In “Matchstick Men” (2003), he unleashed the painstaking impulses of a con artist stricken with OCD. Cage really lets the pathologies breathe.
Done with acting
Nic Cage is pure Hollywood. He credits James Dean with inspiring him to begin an acting career — without needing to mention the fact that his actual last name is Coppola, as in “The Godfather,” “Apocalypse Now,” and “American Graffiti.”
Cage has appeared in big-budget movies and no-budget movies and every level in between.
Here’s a typical Cage paradigm: He shuffles through highbrow and lowbrow, sometimes all at once. After winning an Oscar for his portrayal of a suicidal alcoholic writer in “Leaving Las Vegas” (1995), he landed a string of empty yet lovable blockbusters.
They were all approximations of cinema. Pure blockbuster. Full of overacting done in total earnestness. We loved every moment of it. This string of films is now coded into the American experience.
He played gaudy characters, excessively makeupped and badly costumed. And he owned the big screen in the late 1990s — “The Rock” (1996), “Face/Off” (1997), “Con Air” (1997), “City of Angels” (1998), “Snake Eyes” (1998), “8MM” (1999), and who could forget his frantic yet cool appearance in “Gone in 60 Seconds” (2000)?
None of those films saw the slightest hint of critical acclaim.
It’s not until recently that his performances have earned him praise again. He has been sharp, with “Mandy” (2018), “Pig” (2021), and “Dream Scenario” (2023), all of which are lower-budget endeavors by independent production companies with lots of clout, including highbrow darling A24, which distributed “Dream Scenario."
In the “Western Movies Today” episode of the “How the West Was Cast” podcast, co-host Andrew Patrick Nelson points out that modern Westerns are made largely as passion projects and often with the intent of winning awards.
Compare this to the Western at its height, when over a hundred Westerns came out each year. In that same period, none of them won Best Picture. Westerns only really started winning Oscars after the genre had supposedly collapsed.
“The Old Way” doesn’t quite fit either paradigm, but for good reason.
I know I've disparaged the film for most of this article, but “The Old Way” does have at least one standout moment of cinematic brilliance.
An hour into the movie, there’s this lovely campfire scene. The setting is reminiscent of the powerful scene in “True Grit” (1969), when Rooster finally tells Mattie his story.
Briggs faces his daughter, surrounded by night, and unburdens his sorrow, the loss of his true love, crying for the first time. And the tears are genuine. The character Colton Briggs weeps through the body of Nicolas Cage. His brokenness is palpable, as he and his daughter confront the realities of death.

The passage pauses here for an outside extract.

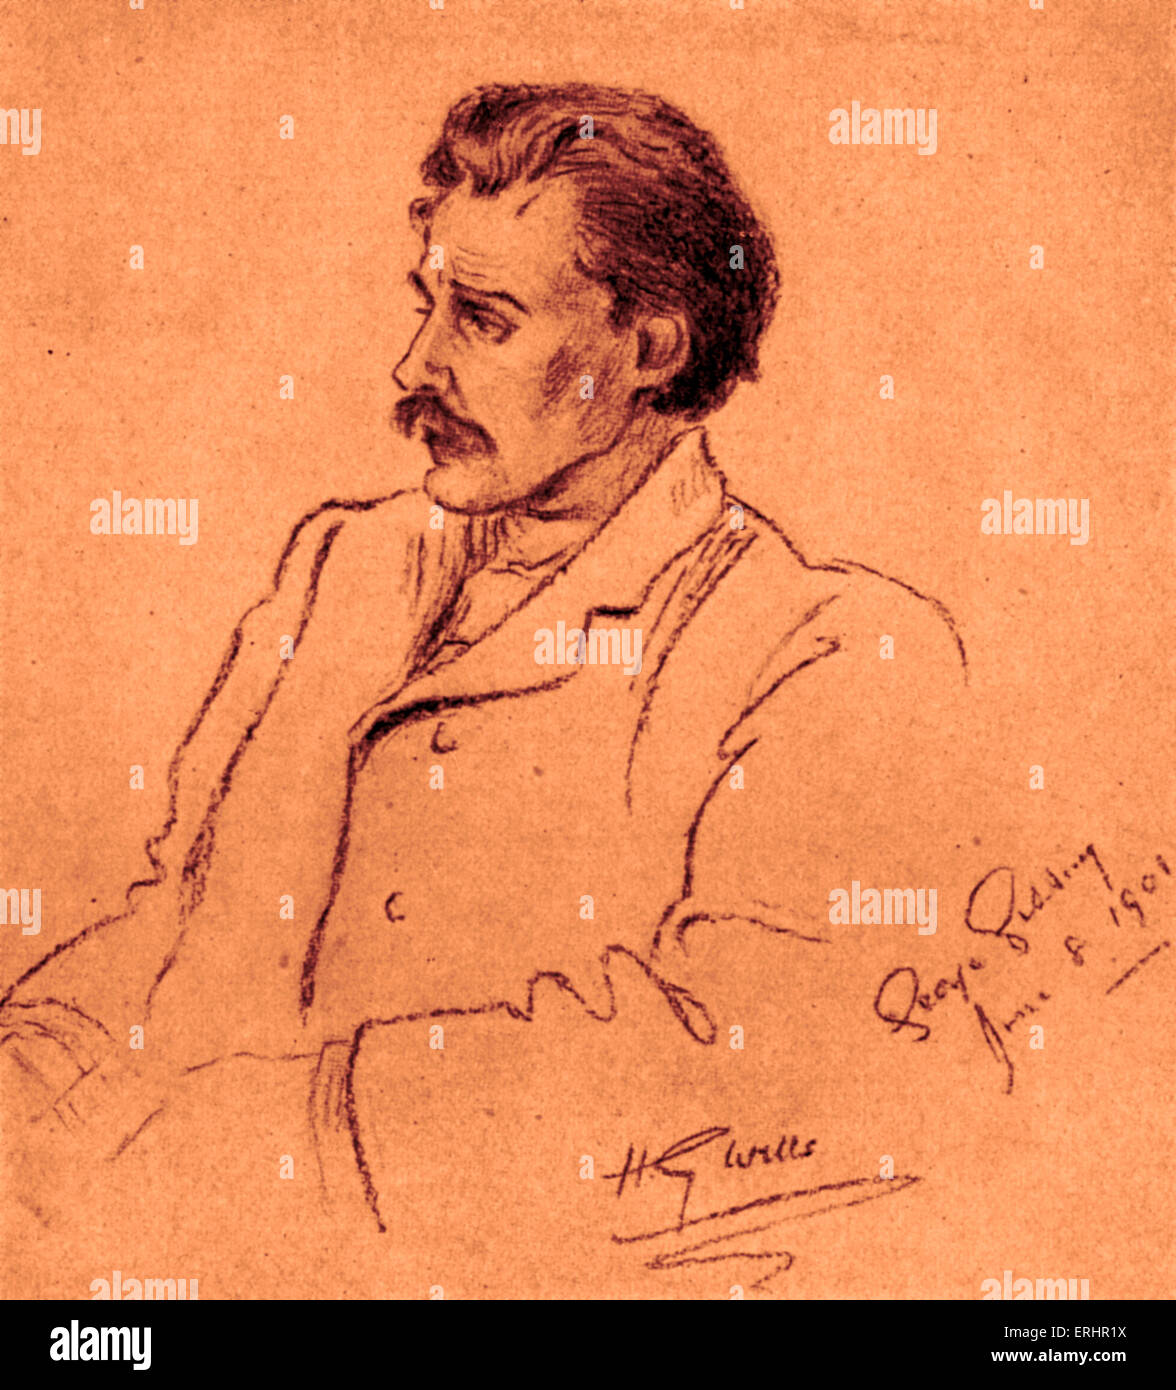 George Gissing - Ritratto del romanziere inglese. Disegno di un suo amico, lo scrittore inglese, H. G. Wells. 22 Novembre 1857 - 28 dicembre 1903. Foto Stock

It’s the fullest example we get of Cage’s acting method. It’s just enough to inspire hope that there will be more Nicolas Cage Westerns in the future.
Late last year, Cage told Vanity Fair that he was done with acting: “I may have three or four more movies left in me.”
He said that after appearing in six films — some of his best work to date — in 2023 alone.
He has also since appeared in three additional films, including “Longlegs” (2024), with another three in various stages of production, including “The Gunslingers,” his second Western.
Still, it’s hard to forget what he said to Vanity Fair: ”I do feel I’ve said what I’ve had to say with cinema. I think I took film performance as far as I could. … I do want to get much more severe and stringent in my selection process. … I want to say ‘Bye’ on a high note.”
But who knows?
Who knows where Nicolas Cage’s performance starts and ends, how far it extends beyond the spectacle and mania of his presence on screen? Who knows if there are even limits to what he feels and channels and imagines?